A second iteration (v2.0) was released on 4 February 2025, adding CCLs for machine-learning R&D and for deceptive alignment, strengthening the security-level recommendations, and codifying a more rigorous deployment-mitigation process. A third iteration (v3.0) followed on 22 September 2025, which introduced a CCL for harmful manipulation, expanded misalignment protocols, and broadened safety-case review to cover large-scale internal deployments. The FSF has been applied to evaluations of gemini 1.5, 2.0, gemini 2 5 pro, gemini 2 5 flash, and gemini 3.[^2][^4][^5][^7][^8]
Key facts
| Item | Detail |
|---|
| Full name | Frontier Safety Framework |
| Publisher | google deepmind |
| Version 1.0 published | 17 May 2024[^1] |
| Version 2.0 published | 4 February 2025[^4] |
| Version 3.0 published | 22 September 2025[^5] |
| Document type | Voluntary corporate risk-management framework |
| Core construct | Critical Capability Levels (CCLs) |
| Risk domains (v3) | CBRN, cybersecurity, ML R&D, harmful manipulation; plus exploratory misalignment / deceptive alignment[^5][^6] |
| Mitigation tiers | Security levels and deployment levels (graduated) |
| Initial v1.0 authors / leads | Anca Dragan, Helen King, Allan Dafoe[^1] |
| v3.0 announcement authors | Four Flynn, Helen King, Anca Dragan[^5] |
| Peer frameworks | OpenAI preparedness framework; Anthropic responsible scaling policy[^9][^11] |
| Application | Gemini 1.5 / 2.0 / 2.5 / 3 evaluations[^7][^8] |
Background and motivation
DeepMind's leadership, including chief executive demis hassabis, publicly warned through 2023 and 2024 that as frontier models scale they may acquire dangerous capabilities — including the ability to assist with the development of weapons of mass destruction, conduct autonomous cyberattacks, or accelerate AI research in ways that outpace governance capacity. These concerns paralleled wider international discussions captured in the bletchley declaration of November 2023 and the seoul declaration of May 2024, the latter of which urged frontier developers to publish "Frontier AI Safety Commitments" describing how they would identify and mitigate severe risks.[^10][^11]

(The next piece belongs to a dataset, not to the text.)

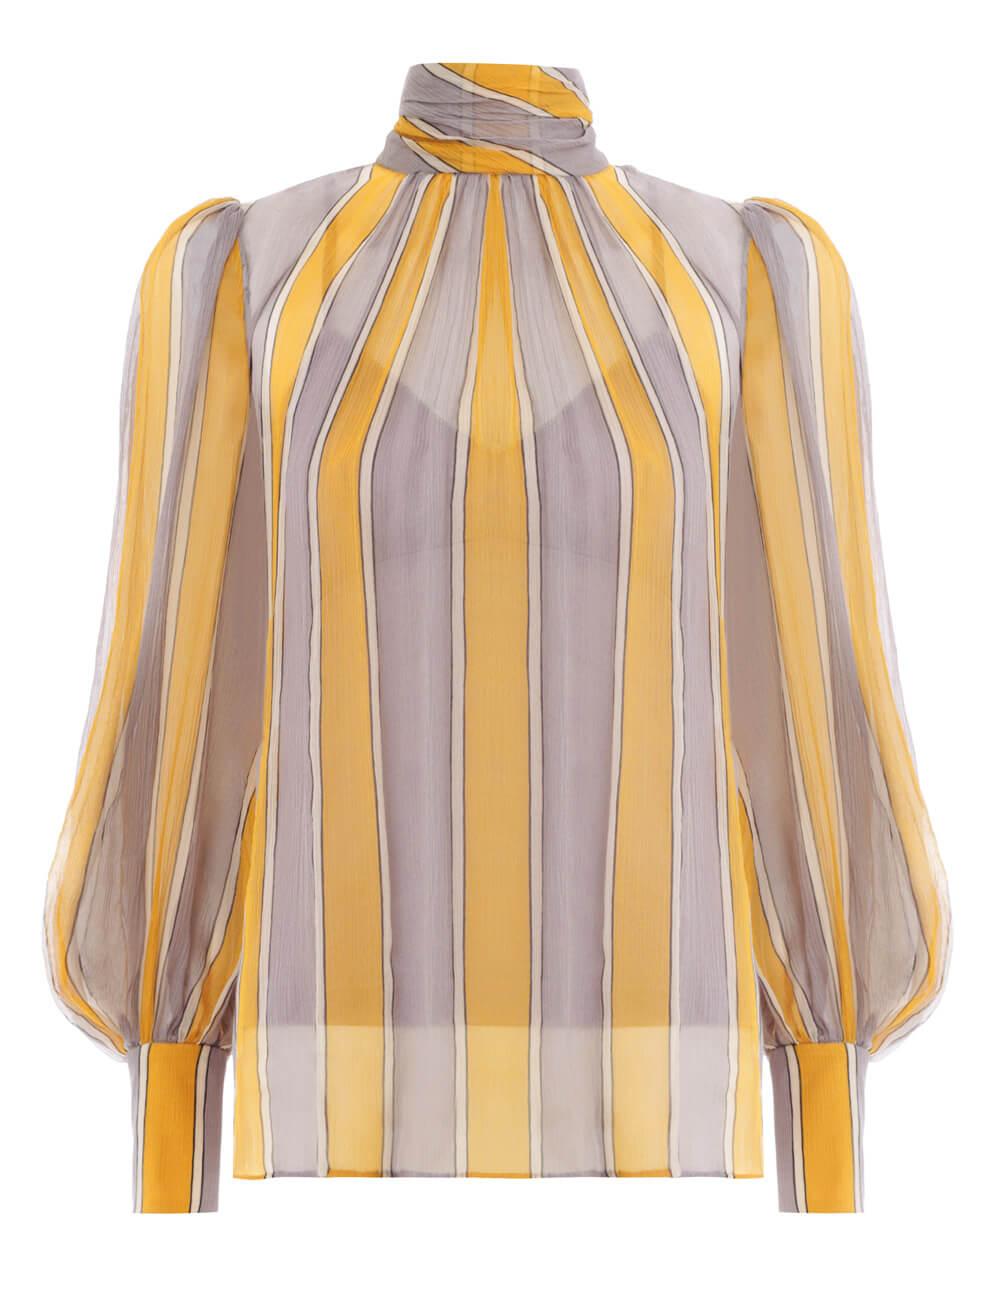 51be206d32f81 Shop Women's Designer Tops Online | ZIMMERMANN

The FSF was announced shortly after the Seoul AI Safety Summit at which sixteen leading developers — including Google — committed to publishing safety frameworks. Internally, DeepMind had been developing dangerous-capability evaluations under its AGI Safety & Alignment team since at least 2022, building on earlier work such as the "Levels of AGI" taxonomy (Morris et al., 2023), which proposed a graded scale for general-purpose AI competence and was frequently cited in subsequent FSF materials as a conceptual underpinning for capability thresholds.[^1][^12]
DeepMind explicitly positioned the FSF as complementary to Google's pre-existing AI Principles and to "Google's existing suite of AI responsibility and safety practices" rather than as a replacement. The framework was also designed to be revisable: the May 2024 announcement noted that the document was "exploratory" and would "evolve substantially" as understanding of frontier risks improved, with full implementation targeted for early 2025.[^1]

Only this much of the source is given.